> [YOUR GOAL] Once the pictures are set aside, transcribe each line of the listing exactly.

> [SOURCE DATA]
++++++++++++++++++++

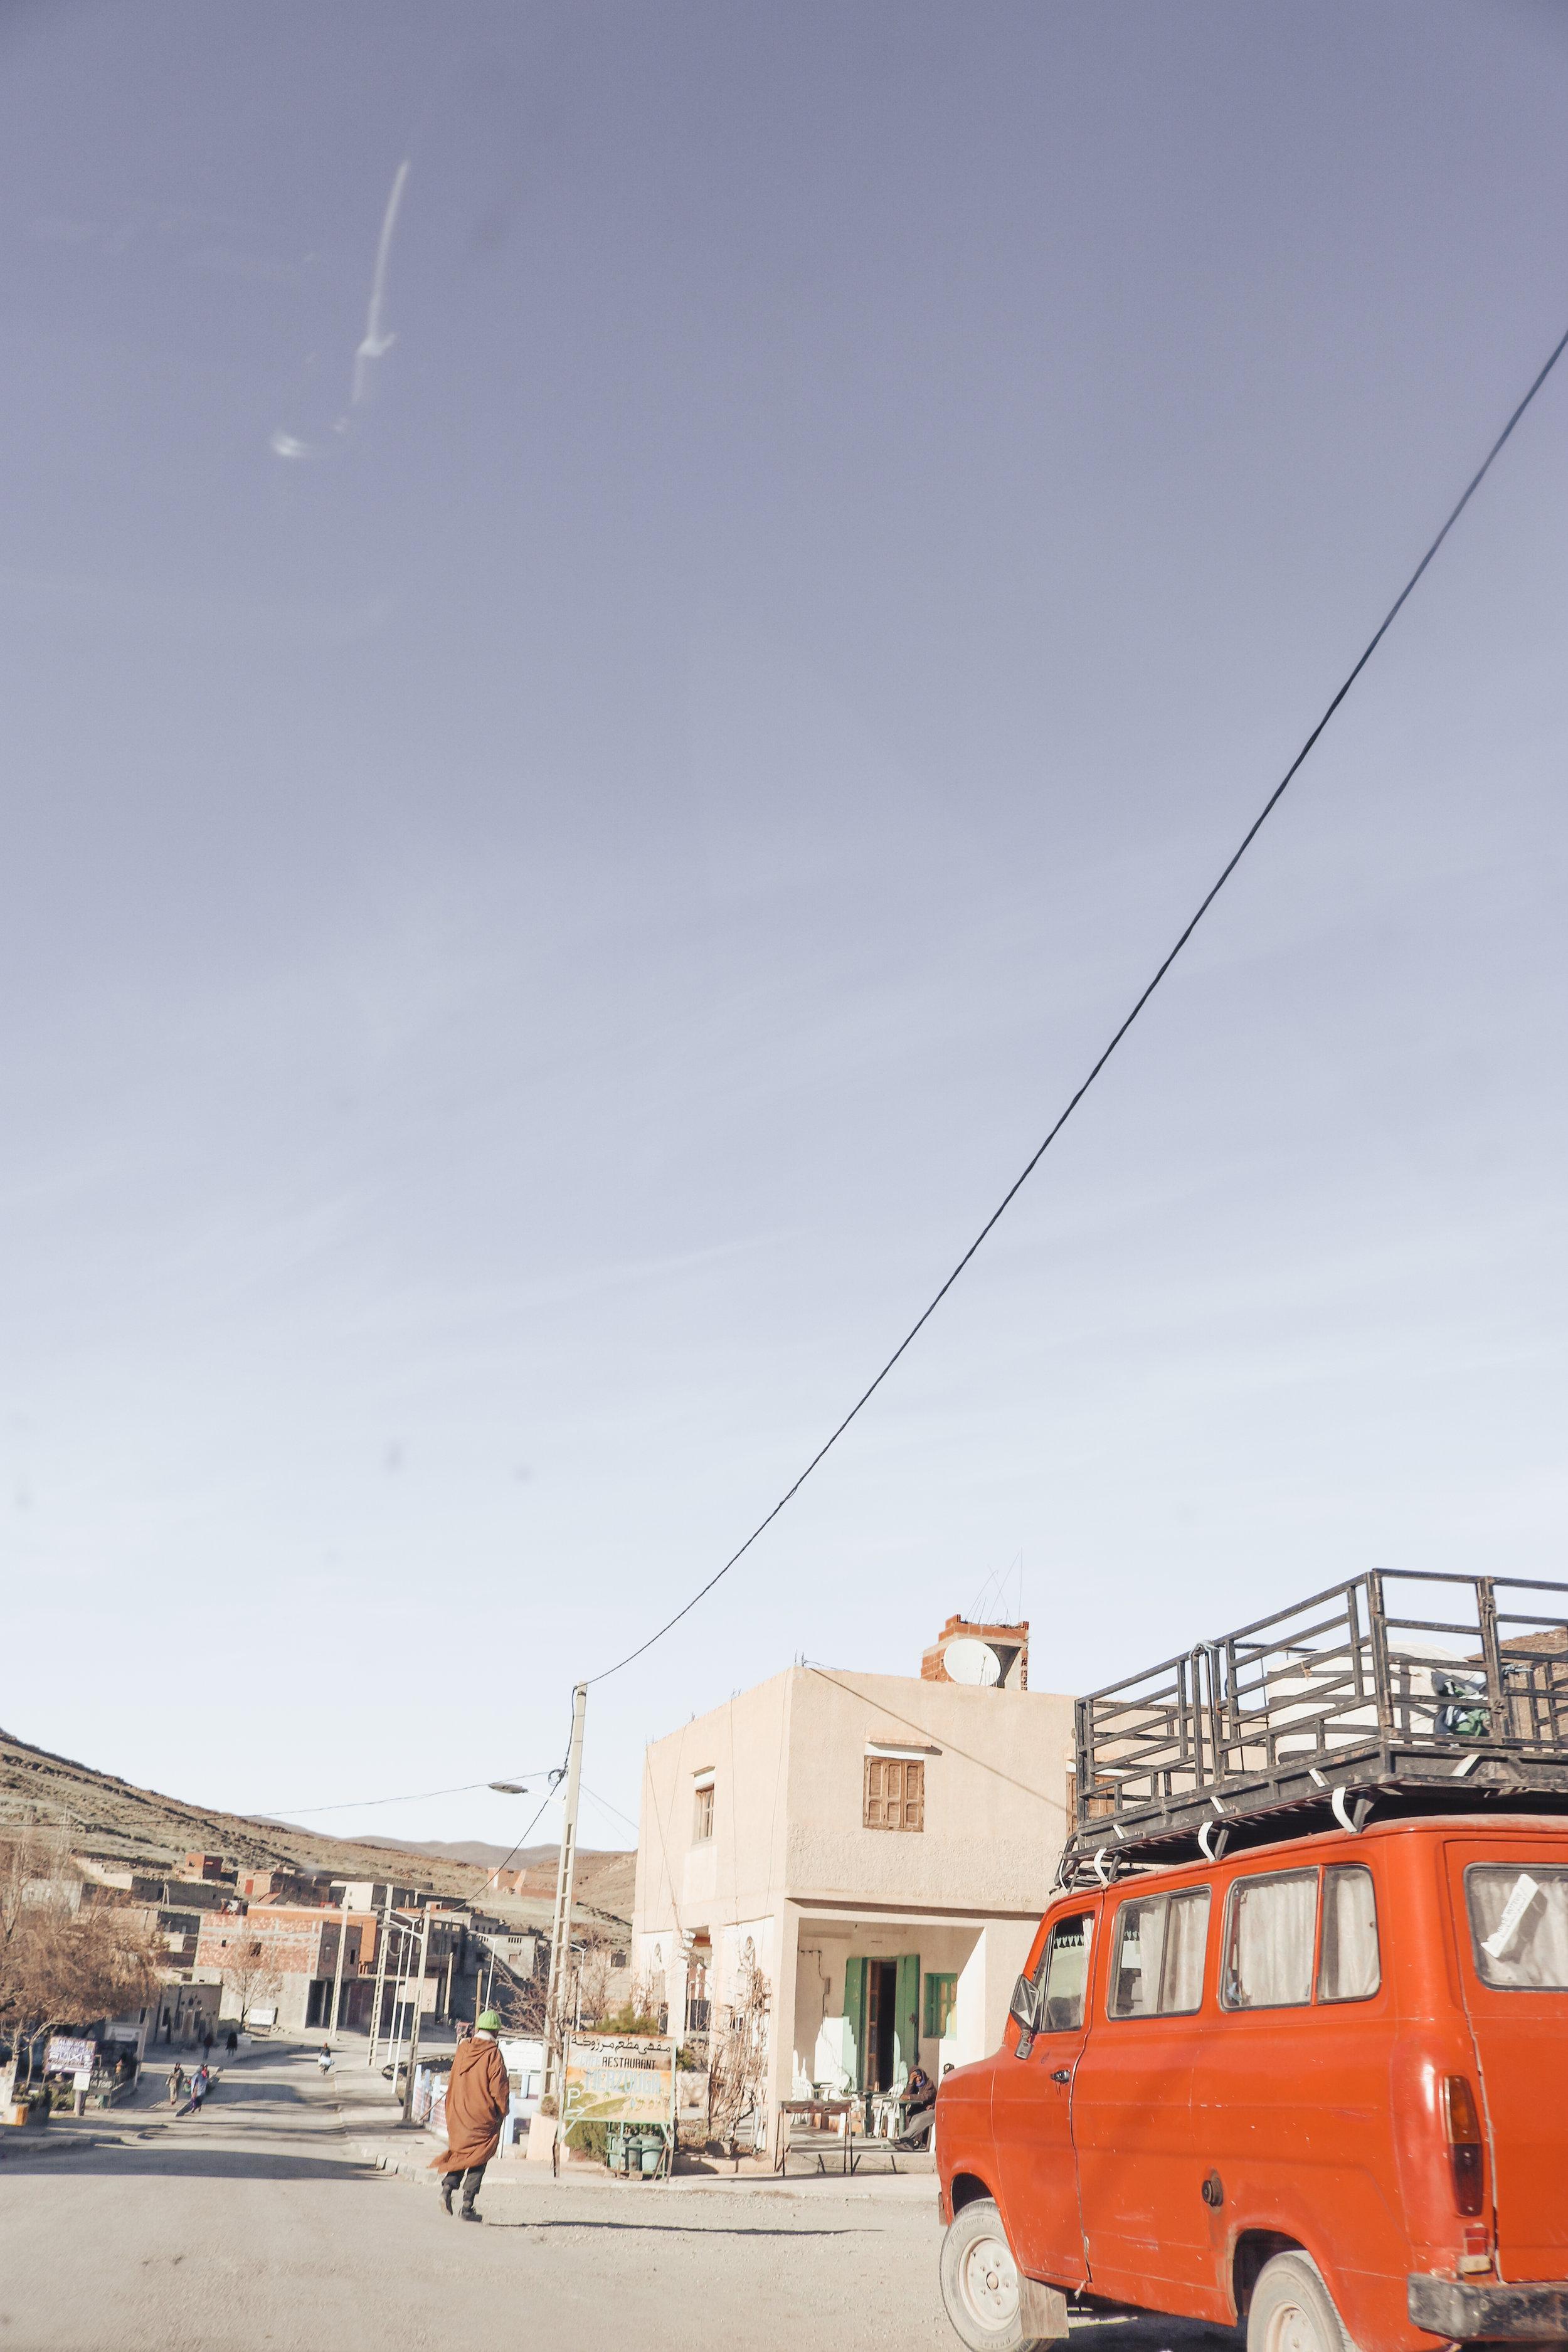 morocco-trip- (1 of 1).jpg
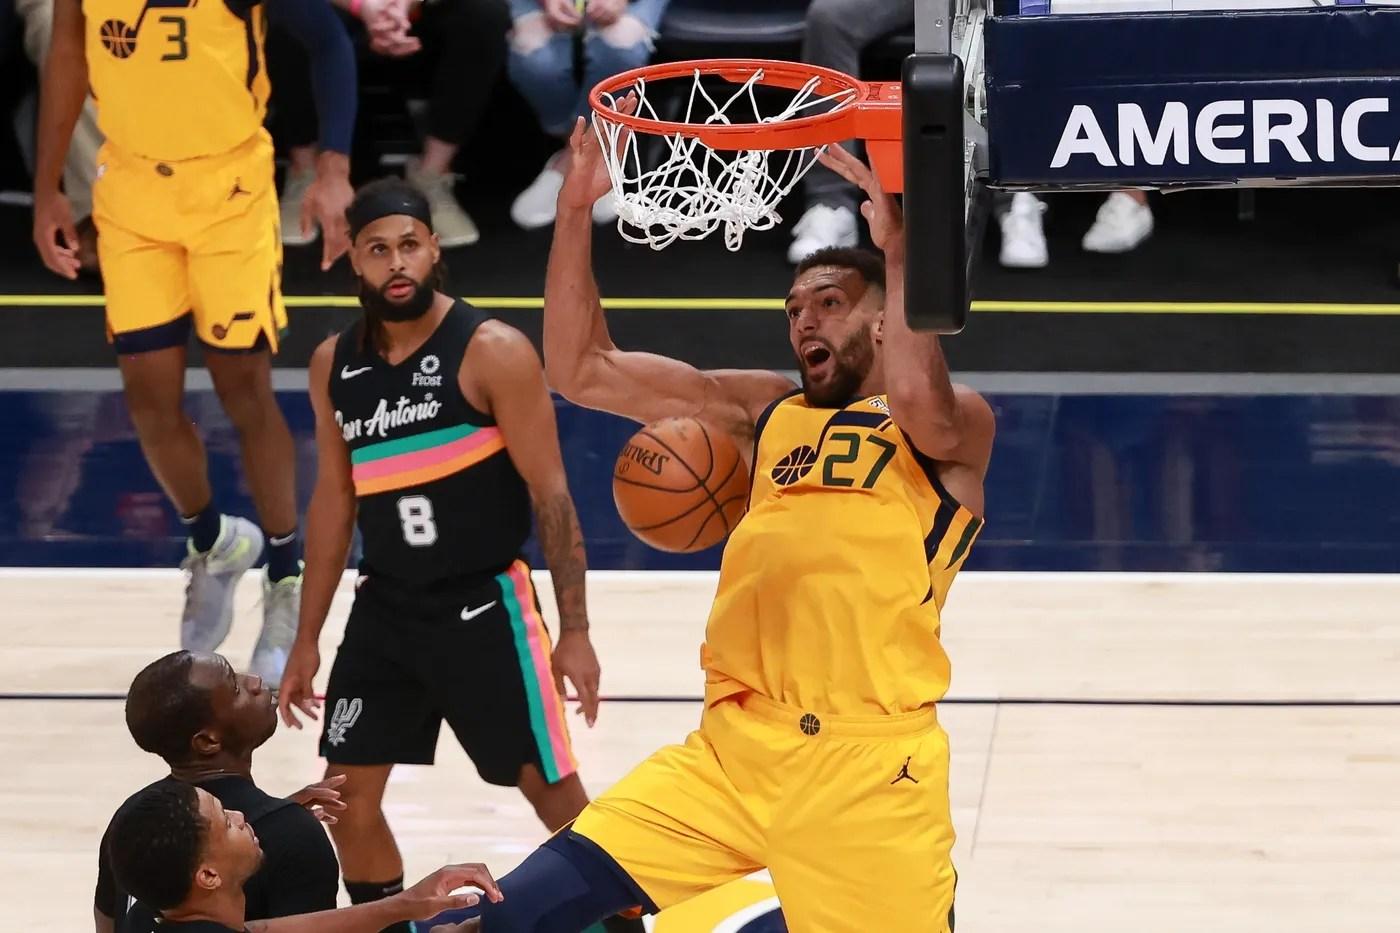 May 3, 2021; Salt Lake City, Utah, USA; Utah Jazz center Rudy Gobert (27) dunks the basketball during the fourth quarter against the San Antonio Spurs at Vivint Arena. Utah Jazz won 110-99. Mandatory Credit: Chris Nicoll-USA TODAY Sports
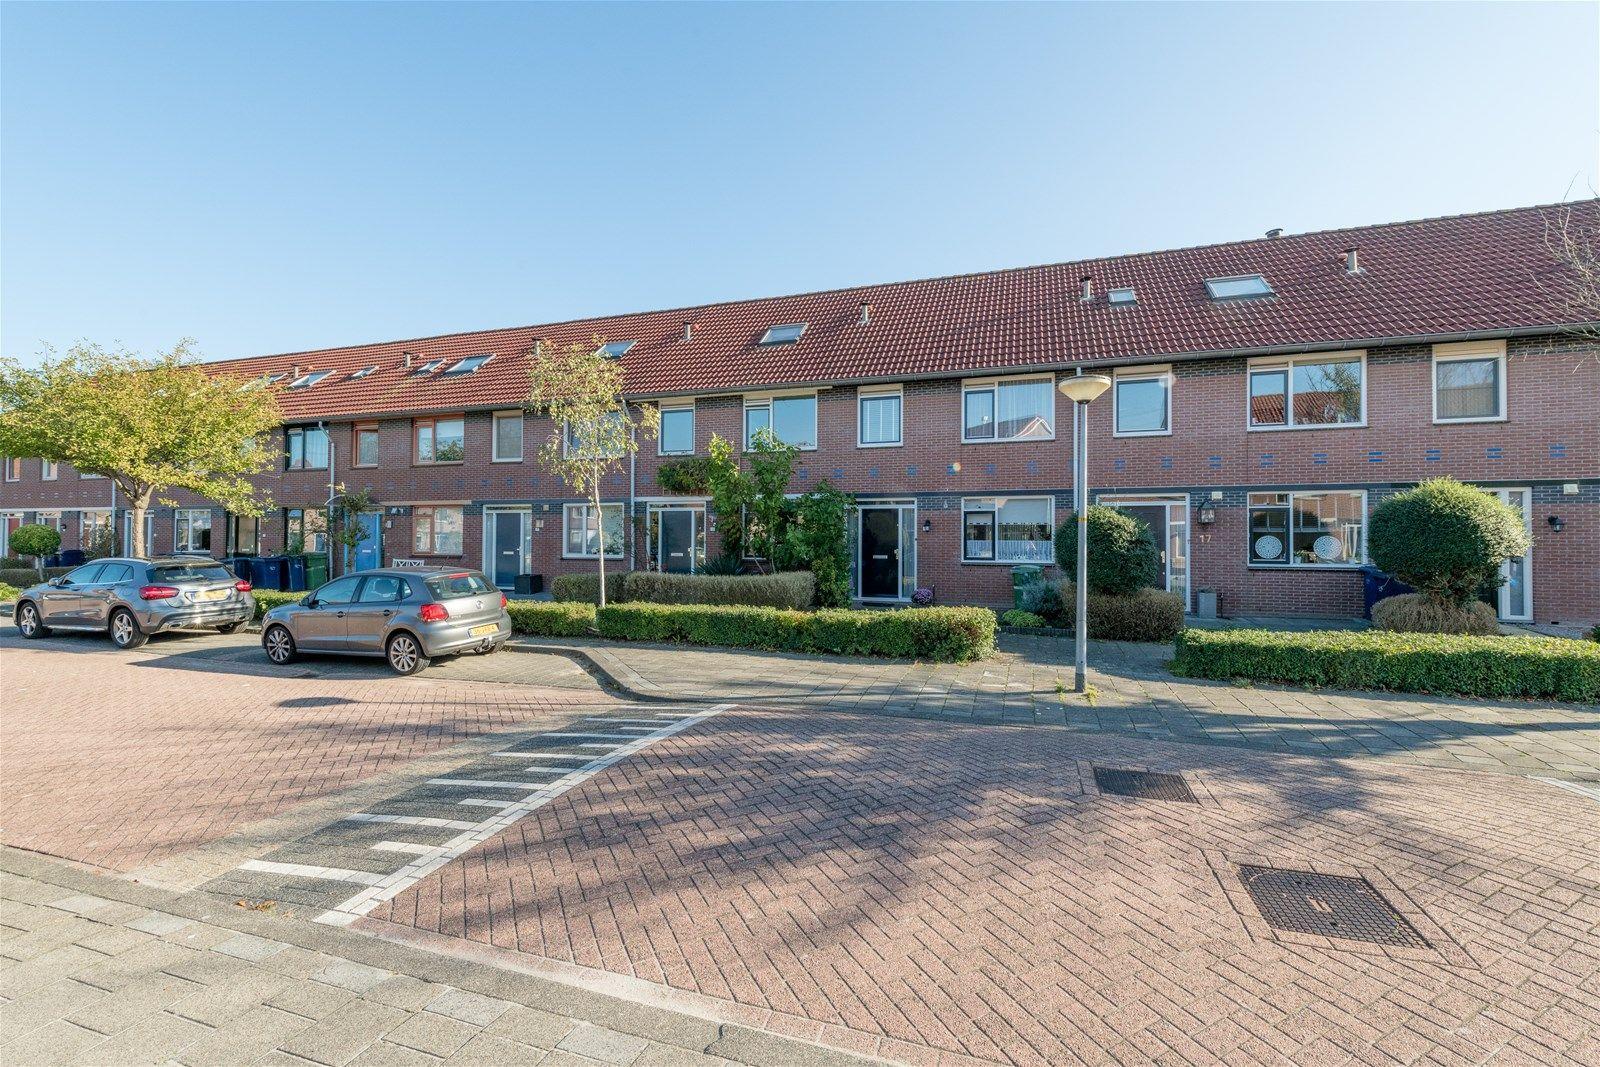 Annie Bosstraat 13, Almere

++++++++++++++++++++

> [TASK RESULT]
 morocco-trip- (1 of 1).jpg
 May 3, 2021; Salt Lake City, Utah, USA; Utah Jazz center Rudy Gobert (27) dunks the basketball during the fourth quarter against the San Antonio Spurs at Vivint Arena. Utah Jazz won 110-99. Mandatory Credit: Chris Nicoll-USA TODAY Sports
 Annie Bosstraat 13, Almere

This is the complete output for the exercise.